You can get your access token from huggingface.com > Settings > Access Tokens. Afterwards, set your HuggingFace token as an environment variable:
export HF_TOKEN=<paste-your-own-token>
Create a Secret to store your HuggingFace token which will be used by the K8s job:
kubectl create secret generic l4-demo --from-literal="HF_TOKEN=$HF_TOKEN"

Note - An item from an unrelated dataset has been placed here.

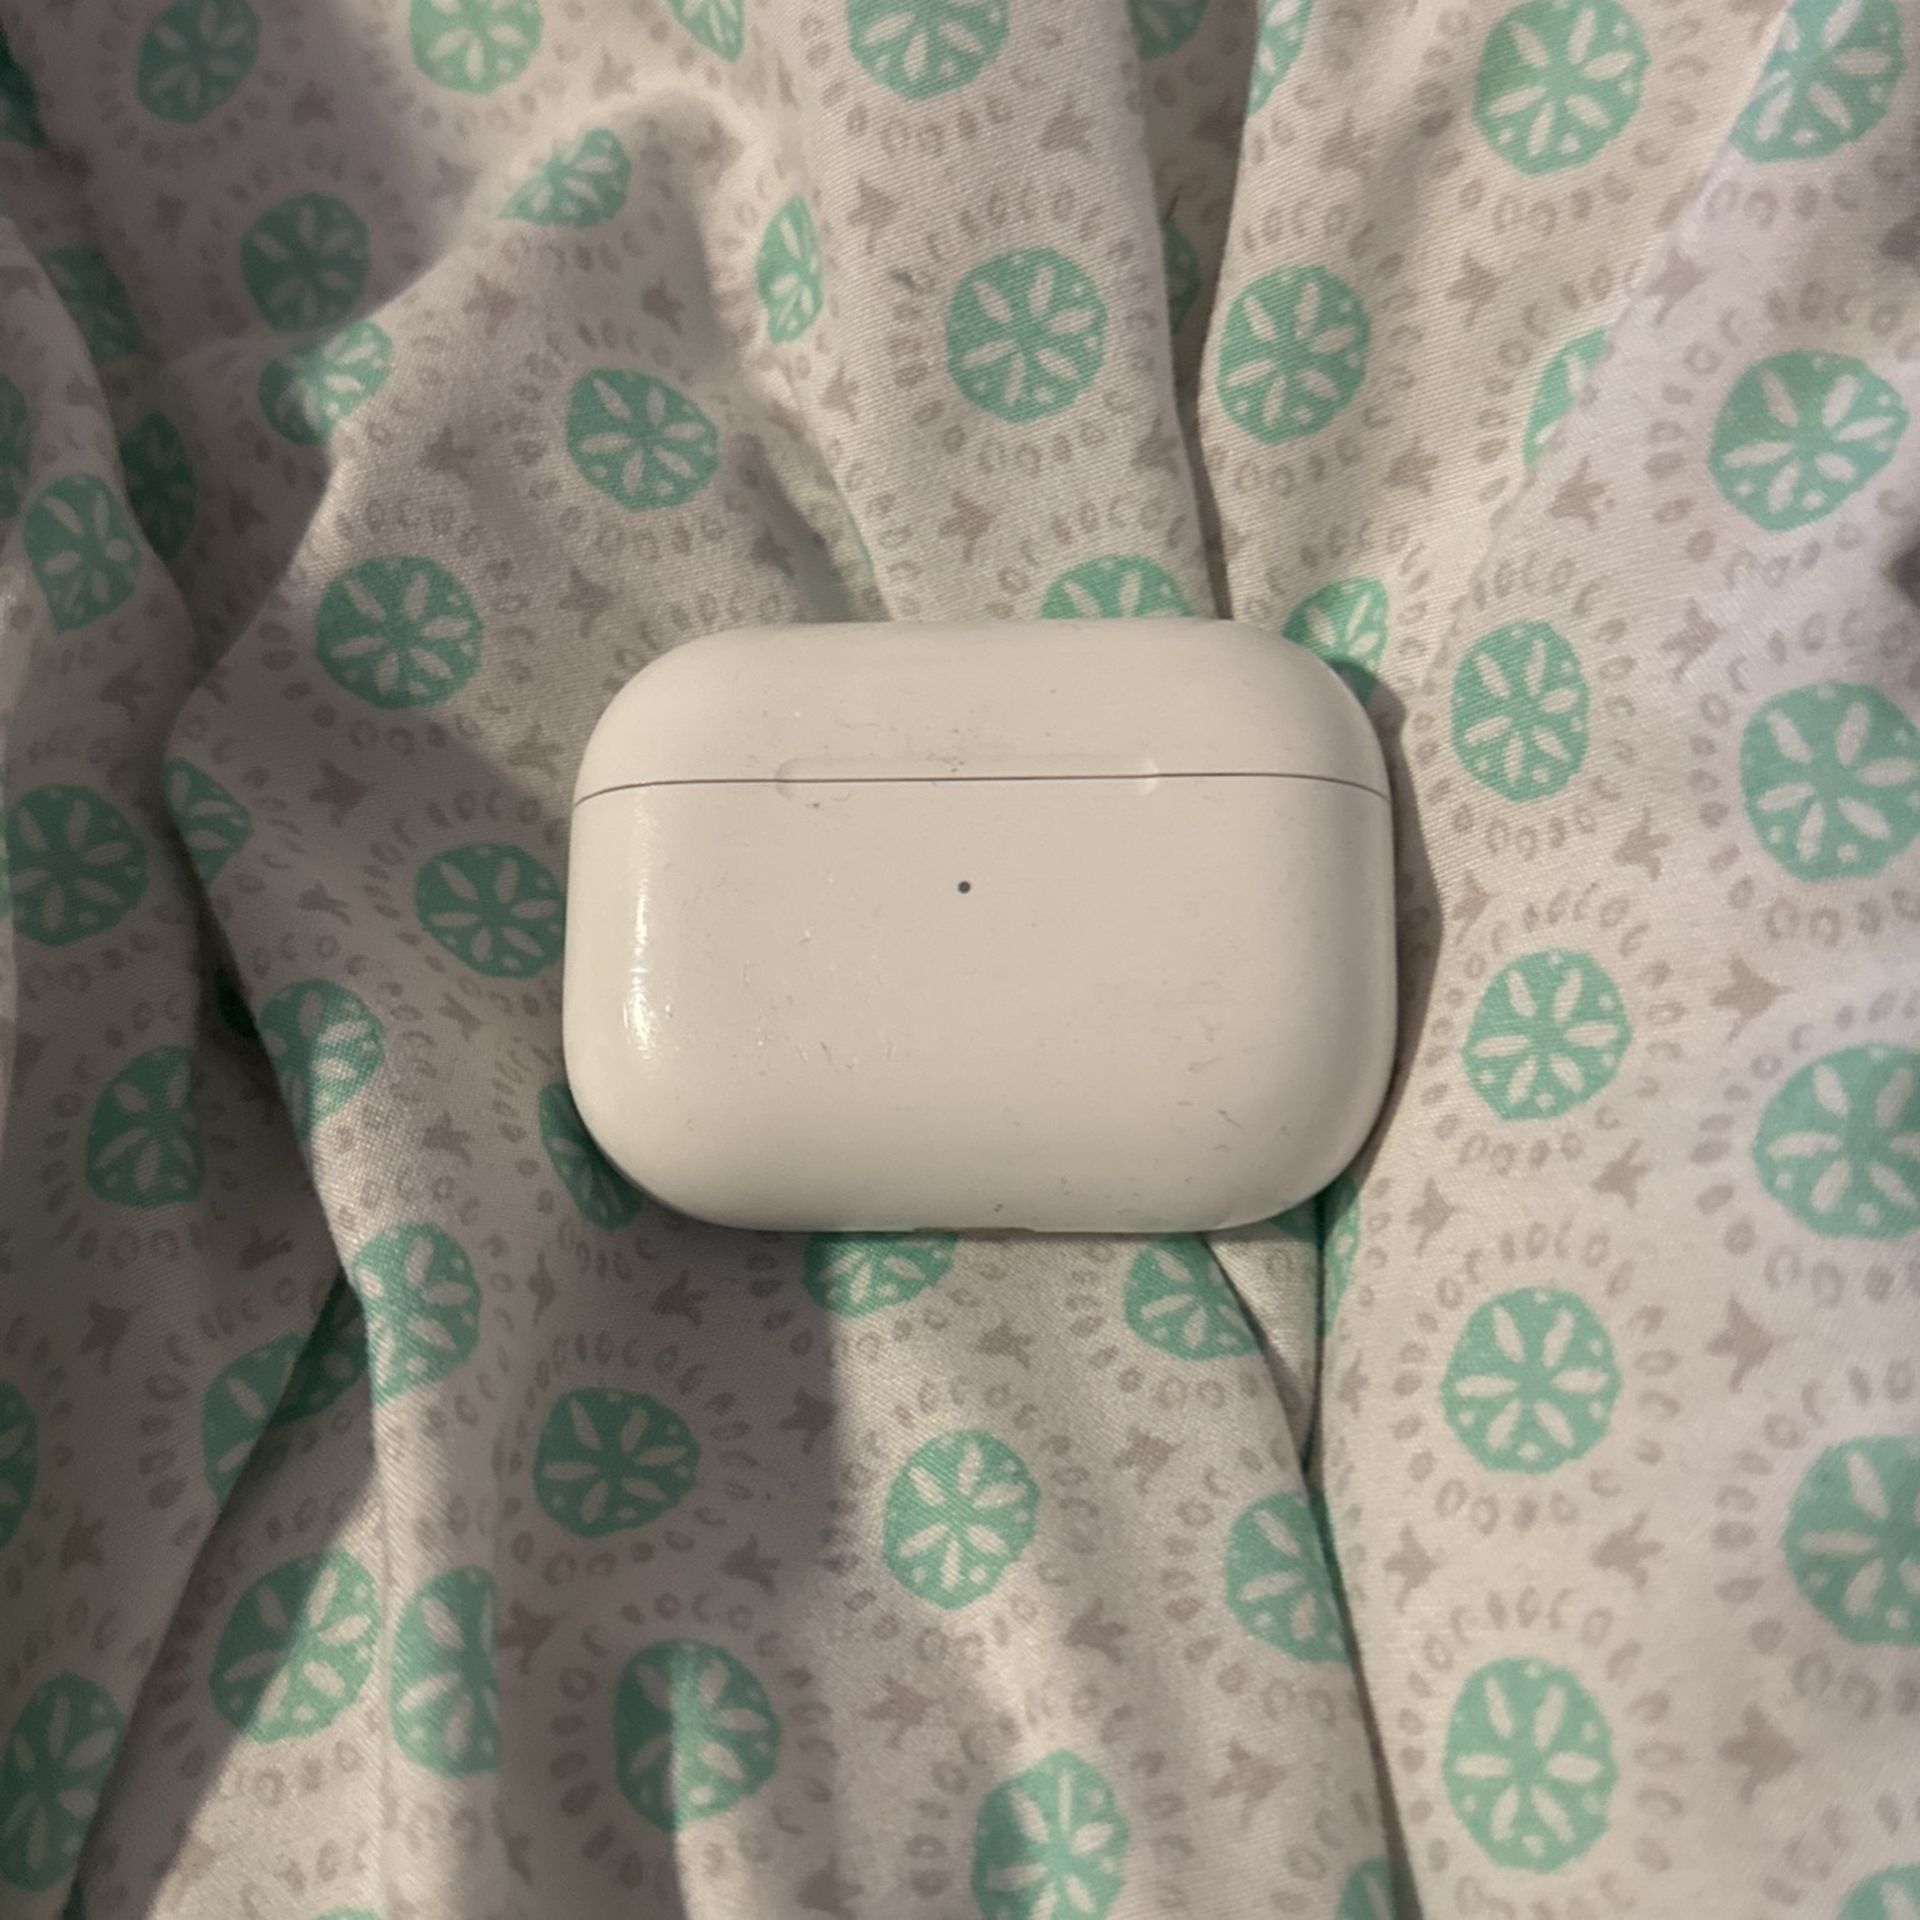 AirPod Pro Case With 1 AirPod

Create a file named text-generation-interface.yaml
with the following content:
apiVersion: apps/v1
kind: Deployment
metadata:
name: llama-2-70b
spec:
replicas: 1
selector:
matchLabels:
app: llama-2-70b
template:
metadata:
labels:
app: llama-2-70b
spec:
containers:
- name: llama-2-70b
image: us-docker.pkg.dev/deeplearning-platform-release/gcr.io/huggingface-text-generation-inference-cu121.2-2.ubuntu2204.py310
resources:
limits:
nvidia.com/gpu: 2
env:
- name: MODEL_ID
value: meta-llama/Llama-2-70b-chat-hf
- name: NUM_SHARD
value: "2"
- name: PORT
value: "8080"
- name: QUANTIZE
value: bitsandbytes-nf4
- name: HUGGING_FACE_HUB_TOKEN
valueFrom:
secretKeyRef:
name: l4-demo
key: HF_TOKEN
volumeMounts:
- mountPath: /dev/shm
name: dshm
- mountPath: /data
name: data
volumes:
- name: dshm
emptyDir:
medium: Memory
- name: data
hostPath:
path: /mnt/stateful_partition/kube-ephemeral-ssd/llama-data
nodeSelector:
cloud.google.com/gke-accelerator: nvidia-l4
Create the deployment for serving:
kubectl apply -f text-generation-interface.yaml
Inside the YAML file the following settings are used:
- NUM_SHARD
, this has to be set to 2 because 2 x NVIDIA L4 GPUs are used. In our testing without setting this value it will only use a single GPU.
- QUANTIZE
is set to nf4
which means that the model is loaded in 4 bit instead of 32 bits. This allows us to reduce the amount of GPU memory needed and improves the inference speed, however it can also decrease the model accuracy. If you change this you might need additional GPUs
Visit the text-generation-inference docs for more details about these settings.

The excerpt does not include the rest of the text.